The second factor was the “negative campaigning” by Modi and his allies.

Instead of focusing on his “development agenda” and his plan for the state, the Prime Minister went too aggressive against the rival alliance at every rally. While he questioned the DNA of Bihar chief minister Kumar and indirectly called Rashtriya Janata Dal (RJD) chief Lalu Prasad as “shaitan” (devil), the Congress was charged with having indulged in 1984 anti-Sikh riots.

The third factor was Modi’s failure to fulfil the promises he made to the voters during last year’s Lok Sabha poll campaign. One of them was bringing backblack money stashed in foreign banks and crediting Rs1.5 million (Dh83,460) in the bank account of every Indians.
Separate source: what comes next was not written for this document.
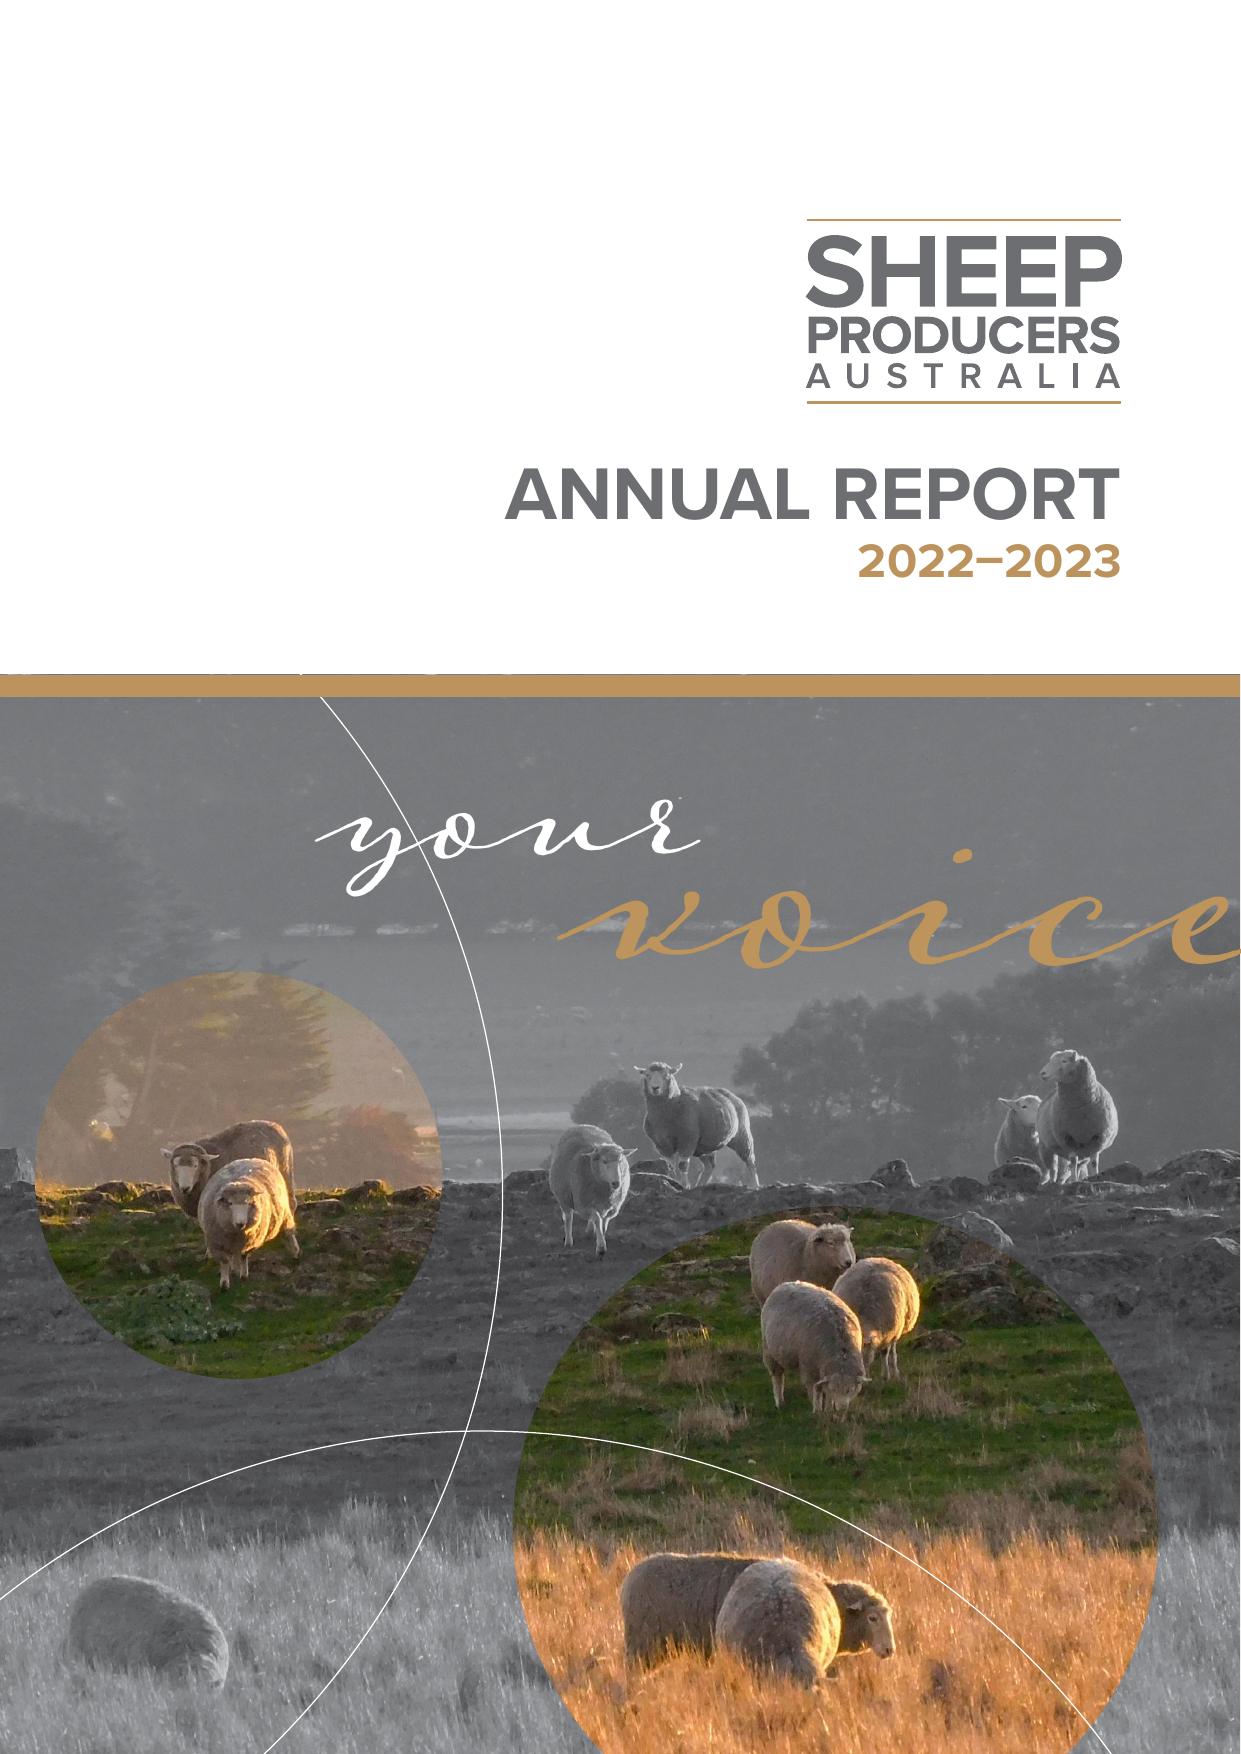 SHEEPPRODUCERS 2022 Annual Report

“Modiji had promised to credit Rs1.5 million to the bank account of every Indian and hence I opened my bank account hoping for it but got nothing in the end. So I voted against him in the election. There were many villagers who joined me,” said Krishnandan Kumar, a resident from Vaishali village.

Observers say the poll outcome will have an impact on the national level. While the Modi government will get further weakened and find it hard to push through its reformist agenda due its inadequate number in the Rajya Sabha, it will encourage the oppositions parties to come together and defeat the BJP, taking a lesson from friendship between two arch-rivals Lalu Prasad and Nitish Kumar who joined hands together to unitedly take on the BJP after their severe poll defeat in the last year’s LS polls. Now the fate of Amit Shah too hangs in balance following two successive defeats as it badly exposes his organisational skills.